Did the author try packing the textures in an atlas?

Texture atlases can improve performance significantly since then you can use instanced draw calls to draw a whole bunch of glyphs at once.

dcrazy•3mo ago
FWIW you cannot have Unicode-correct rendering by caching at the codepoint (what many people would call “character”) level. You can cache bitmaps for the individual “glyphs”—that is, items in the font’s `glyf` table. But your shaping engine still needs to choose the correct “glyphs” to assemble into the extended grapheme clusters dictated by your Unicode-aware layout engine.
afishhh•3mo ago
Exactly why I referred to drawing glyphs instead of characters :)

There's even more depth one can go into here: subpixel positioning. To correctly draw glyphs that may be on subpixel positions, you need to rasterize and cache glyphs separately for each subpixel position (with some limited amount of precision, to balance cache usefulness and accuracy).
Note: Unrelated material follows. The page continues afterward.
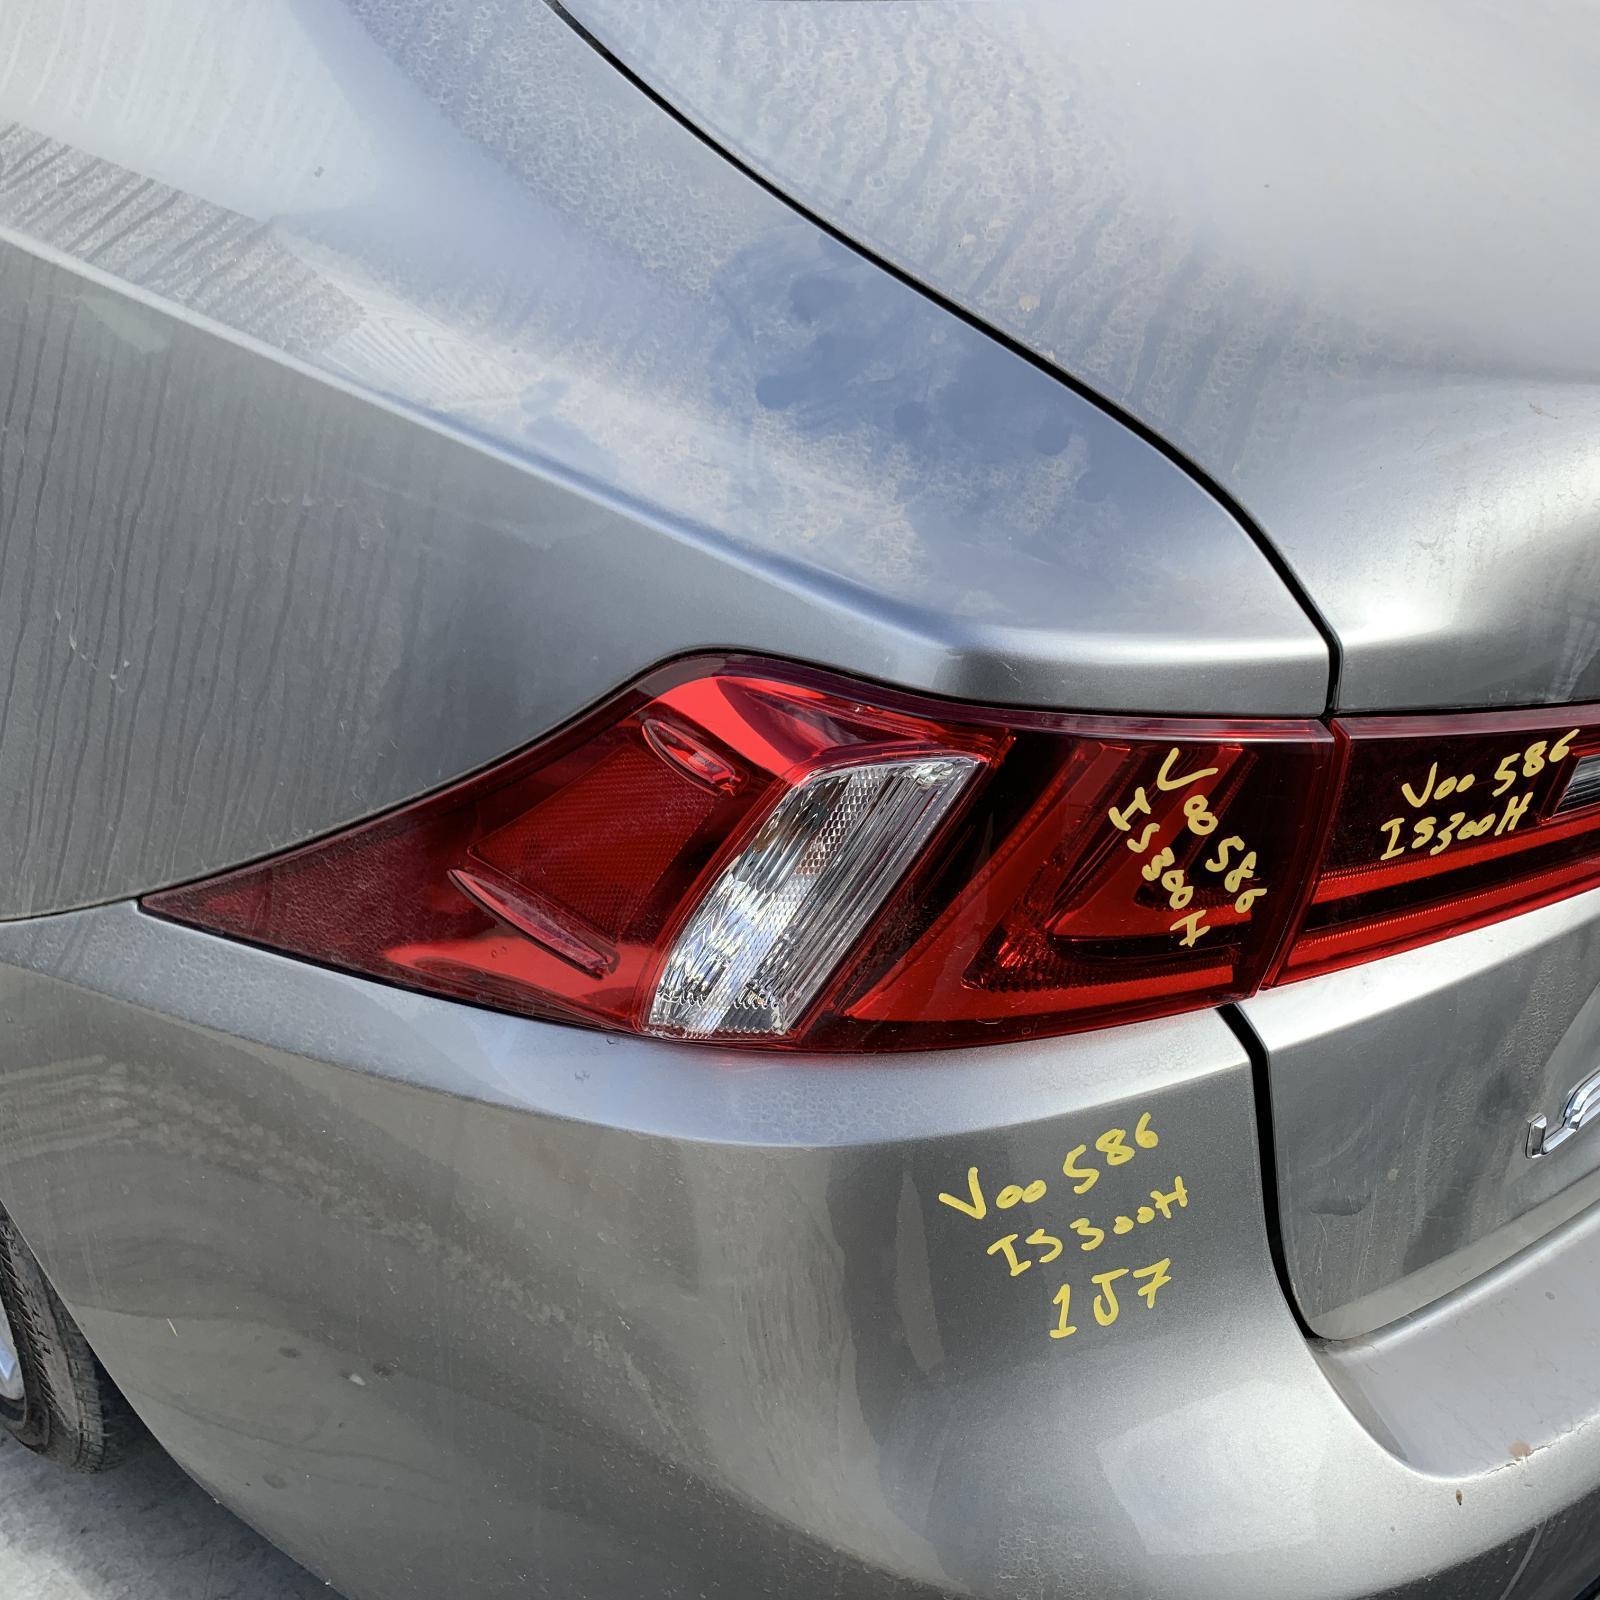 LEXUS IS, Left Taillight, IS200t/IS250/IS300H/IS350, XE30, 04/13-
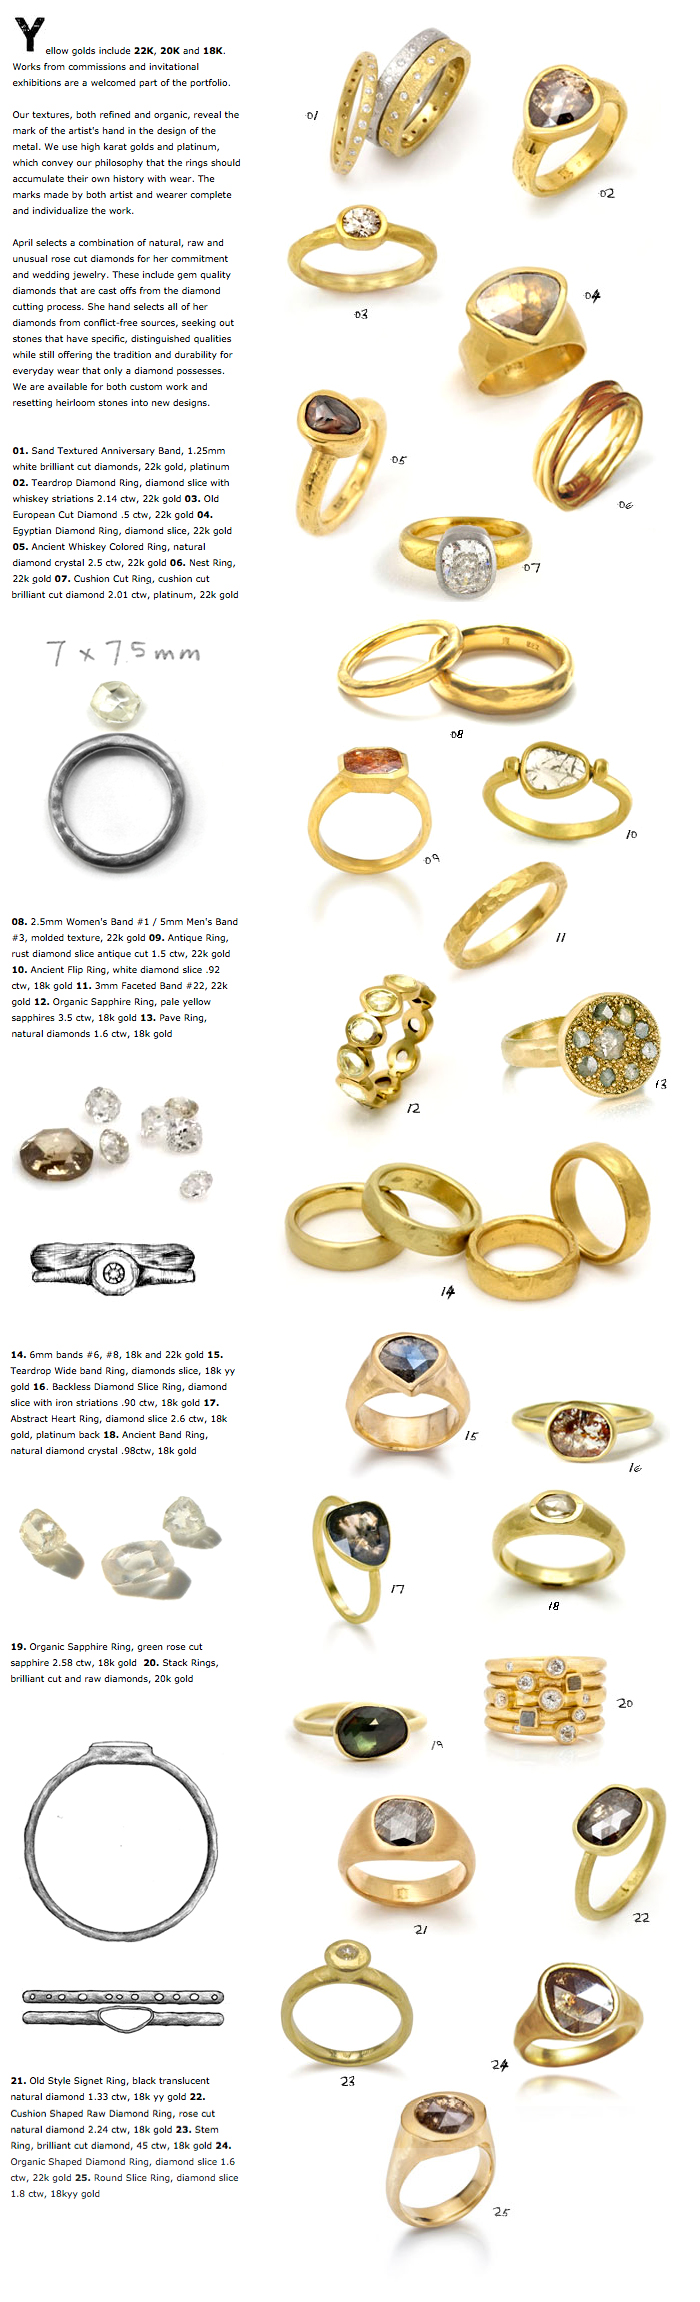 Special-rings-yellow-april-higashi.jpg

However I have a feeling that describing an entire Unicode-aware text stack here may not be useful, especially if TFA seems to only care about simple-script monospace LTR.

dcrazy•3mo ago
Nowadays people expect their terminals to handle UTF-8, or at least the Latin-like subset of Unicode, without dealing with arcana such as codepages. For even the simplest fonts, rendering something like í likely requires drawing multiple glyphs: one for the dotless lowercase I stem, and one for the acute accent. It so happens that dotless lowercase I maps to a codepoint, but it is not generally true that a single extended grapheme cluster can be broken down into constituent codepoints. So even “simple” console output is nowadays complected by the details of Unicode-aware text rendering.
zokier•3mo ago
There are like at least half dozen open source terminal emulators that have decent performance text rendering if you want to look into how it is really done. It is not simple, but at this point I feel it is a largely solved problem.
gschizas•3mo ago
I feel that there might be a bigger difference by using Console Host vs Windows Terminal. Windows Terminal IIRC is GPU accelerated.

EDIT: The screenshot sure looks like Console Host.